A razor-sharp novella about the hubris of youth, the yearning for adventure and the frightening reality of war

In Fall, Bomb Gerrit Kouwenaar, in prose as precise as it is witty, draws the reader into the mind of a young man whose life is turned upside down by the Second World War. His story starts like a boy’s adventure novel but ends in loss and loneliness. Along with contempo­raries like Willem Frederik Hermans, Kouwenaar brought the period of the German occupation of the Netherlands to life with searing honesty; his work drew comparisons to Sartre and Gide.

When Karel Ruis learns on the morning of May 10th, 1940 that Hitler’s troops have invaded the Netherlands, he thinks to himself ‘not without satisfaction’ that at last something is happening – anything is better than his parents’ stagnant, bourgeois existence. It’s the beginning of an affecting story in which a lifetime’s worth of events is compressed into just a few days.
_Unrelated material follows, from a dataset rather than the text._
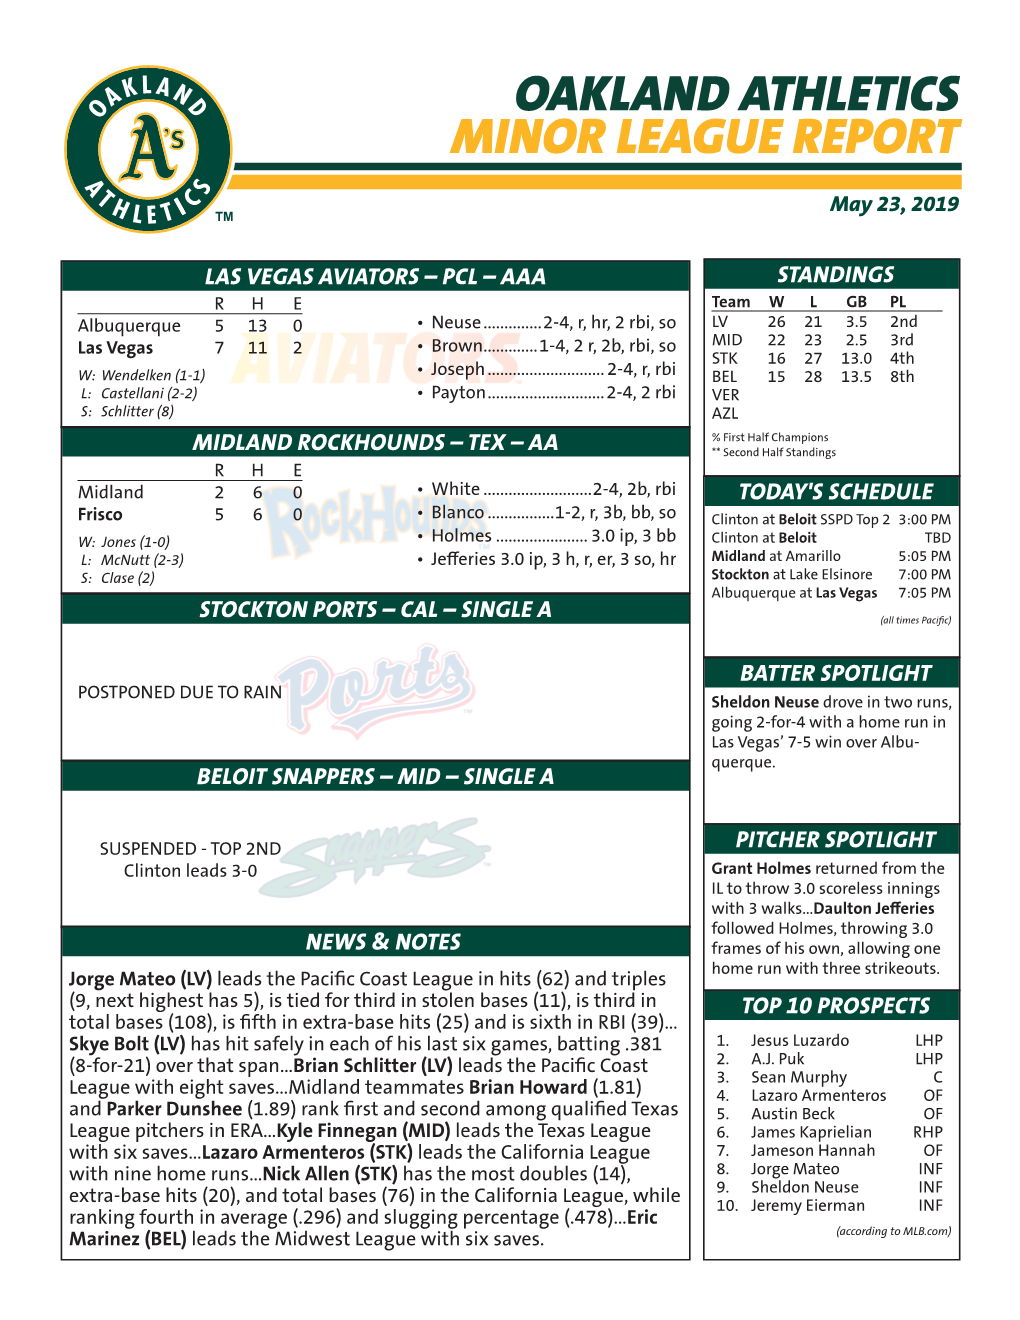 Oakland Athletics Minor League Report

Karel narrowly escapes an air raid, delivers a letter to his uncle’s Jewish mistress and grows infatuated with her daughter. The two women are about to flee the country and he dreams of going with them. To him their attempt at survival is a thrilling adventure. To the great disappointment of the lovestruck young man, it turns out that mother and daughter didn’t for a moment consider asking him to come along. At the end of the story, Karel watches his hometown being set ablaze after another German air raid.

It’s the powerful, unsparing ending to a novel in which Kouwenaar brilliantly captures the naive desires of his young protagonist and shows what happens when a seventeen-year-old is thrust into cruel maturity in the span of a few days. Later on Kouwenaar, who was himself interned for six months during the German occupation, described the war as ‘Europe’s education. A five-year programme, as we know.’ Fall, Bomb is the encapsulation of that life-changing ‘programme’ in 120 pages, with the student being grabbed by the scruff of his neck in the first hour of class and not having a moment’s peace from then on.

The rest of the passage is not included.